Frei doesn’t think the technology should necessarily be limited to AR headsets like the HoloLens. “The HoloLens is incidental to the demonstration—it’s not something we highlight when we talk to vendors,” said Frei. “There aren’t many of them out there, but it’s really cool when you see one. We saw it as a cool way to present this experience, but it can be used with phones, web pages and virtual reality headsets. It doesn’t matter what hardware you use.”

That being said, we asked Frei if he thought the app might be better suited for online shopping. “I’ve wrestled with that for a little bit because I’m intrigued by both possibilities,” he answered. “I don’t shop for clothing or shoes online because I don’t have a way to associate with the product, but that’s essentially what we’re solving. With our technology, we can associate any product with people’s body types. That isn’t limited to fashion, it could extend to furniture, bicycles and so on. I would love to feel confident about purchasing items in those categories online, but I don’t think anything can replace trying things on and feeling their texture. There’s something about experiencing something in a physical way.” Frei then explained that the Virtual Dressing Room is meant to streamline the shopping experience, not replace it, by helping users pick out the clothes that they are almost certain that they want before actually putting it on.

Frei also noted how there isn’t the same kind of “magical” experience when using the app on screened devices such as smartphones. This observation includes Google Tango, which is designed specifically for augmented reality applications. Although Frei supports handheld devices, he states: “[Headsets have] true scale and you’re not looking through a window. There’s something disconnecting when you’re looking through the screen of a phone. We wanted people to be intrigued by the experience.”

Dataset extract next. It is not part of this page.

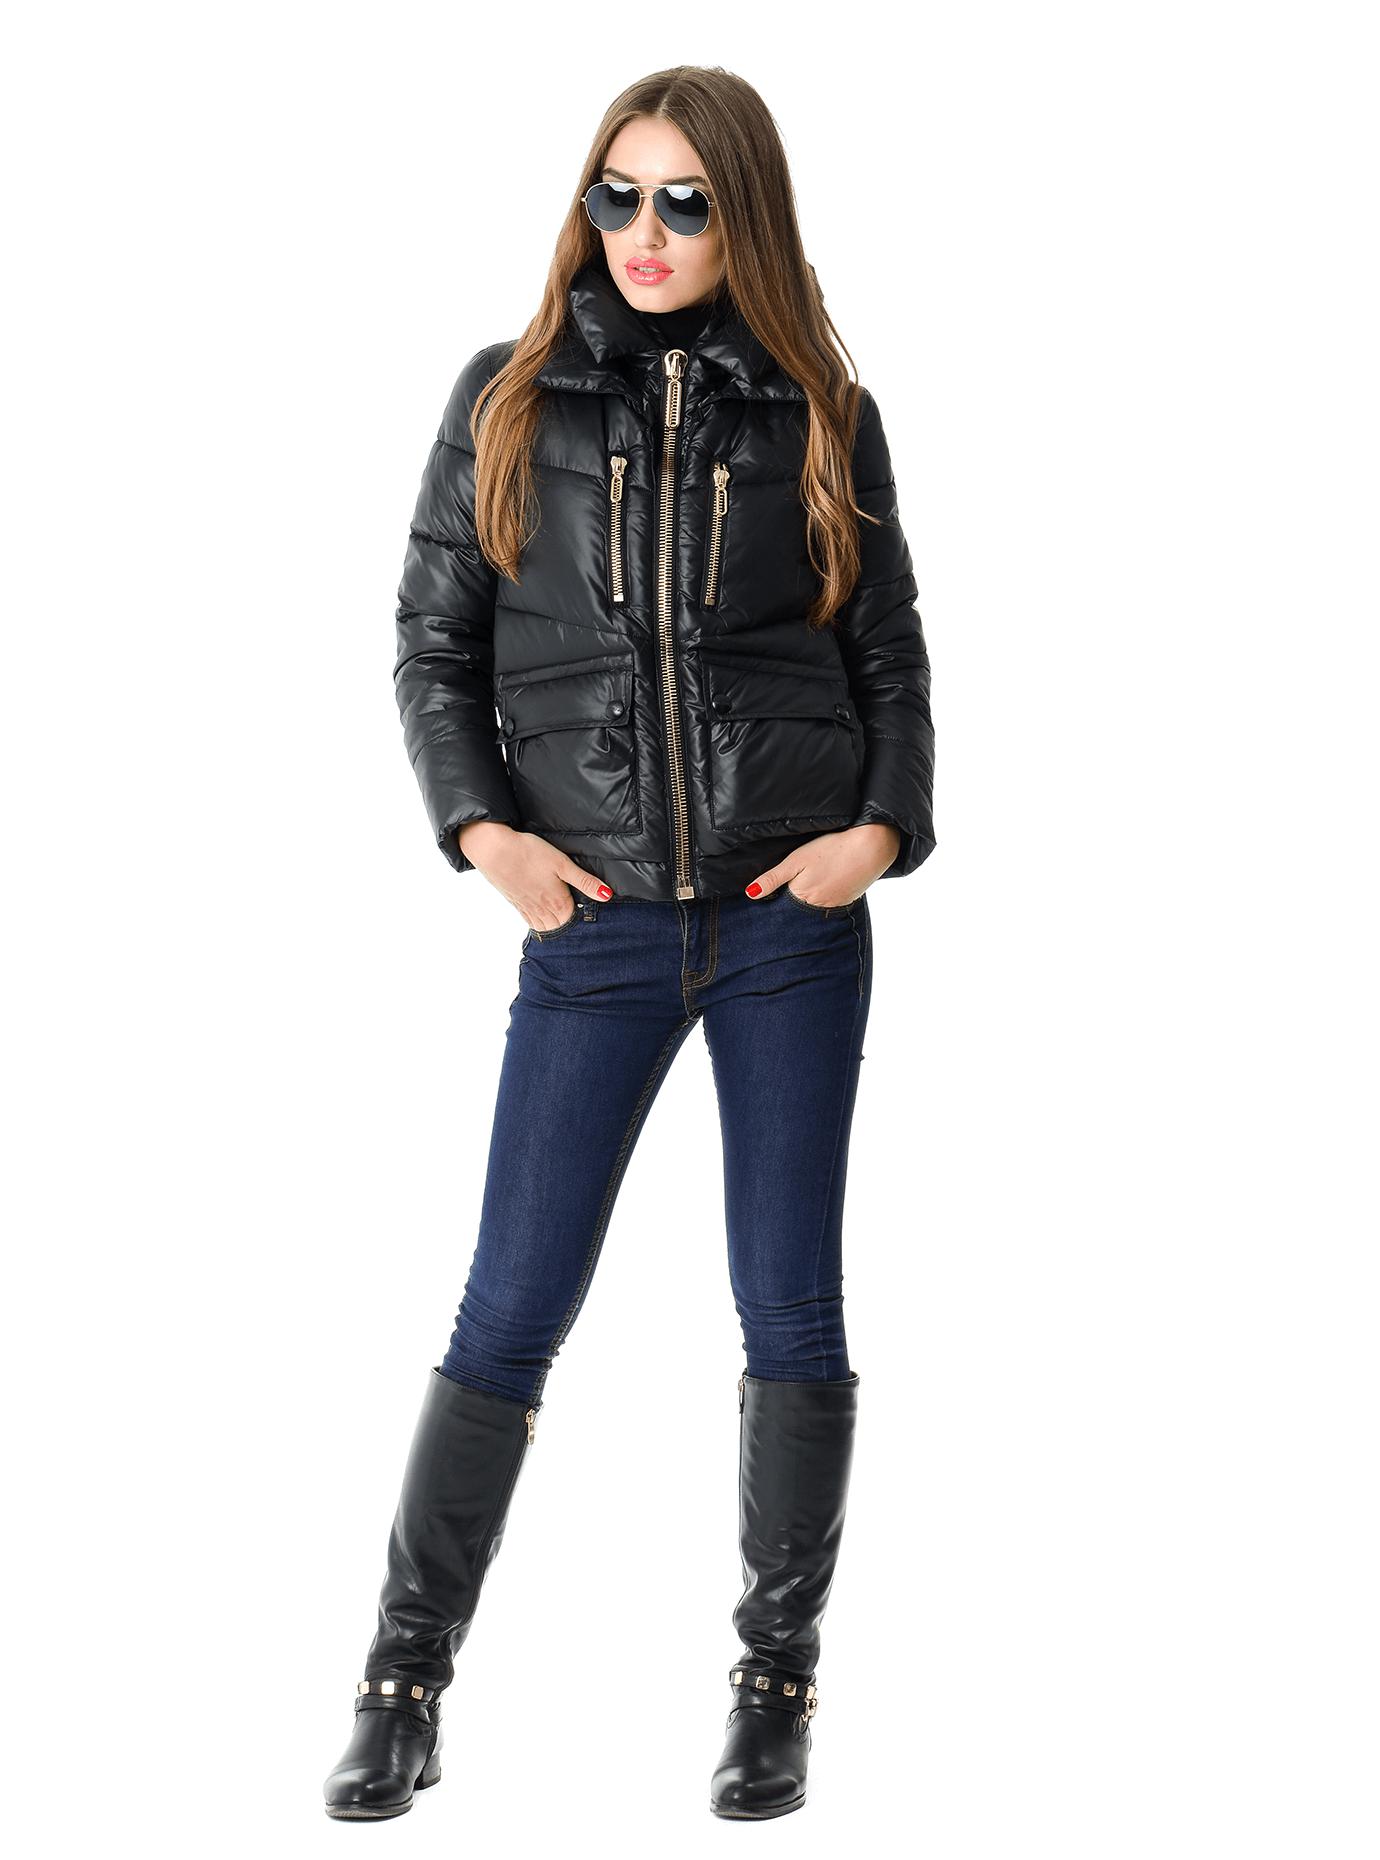 Куртка зимняя короткая с капюшоном Чёрный S (02-SO19036): фото - Alster.ua

So why should retailers turn to augmented reality? “You hear people talking about how companies like Apple, Magic Leap and Meta are investing heavily in the technology, but I don’t think people understand why these tech companies are chasing augmented reality,” Frei explained. “Until you experience something like this demonstration, you don’t realize the incredible utility that AR has to offer—and seeing things in AR is such a cool experience. We firmly believe that augmented reality is an amazing technology that is developing and we want to be pioneers in that space.

“This demo demonstrates why AR matters to everyday people. Augmented reality is going to be important in helping you interact with data in a way that has never been experienced before. I think this could be a very interesting experience to put in stores to help drive interest in the store, brand and products.”

Digitally Connecting People With Brands

Frei then expanded on the topic of avatars by talking about how it could be used more broadly to connect individuals with brands using virtual personas. “We see a future where people have virtual identities that are used in different contexts,” he said. “You’ll pull up an avatar that is a realistic representation of yourself that can be used in retail, education and business. Then you can have identities that are more playful, such as a troll or elf. That’s the ecosystem that we’re trying to create with our technology, platform and brand partners. We do this because we think it matters and we want to be leaders in this space. Persistent virtual identities and personas are going to be used in so many different ways, and we wanted to lead the way with this demonstration.”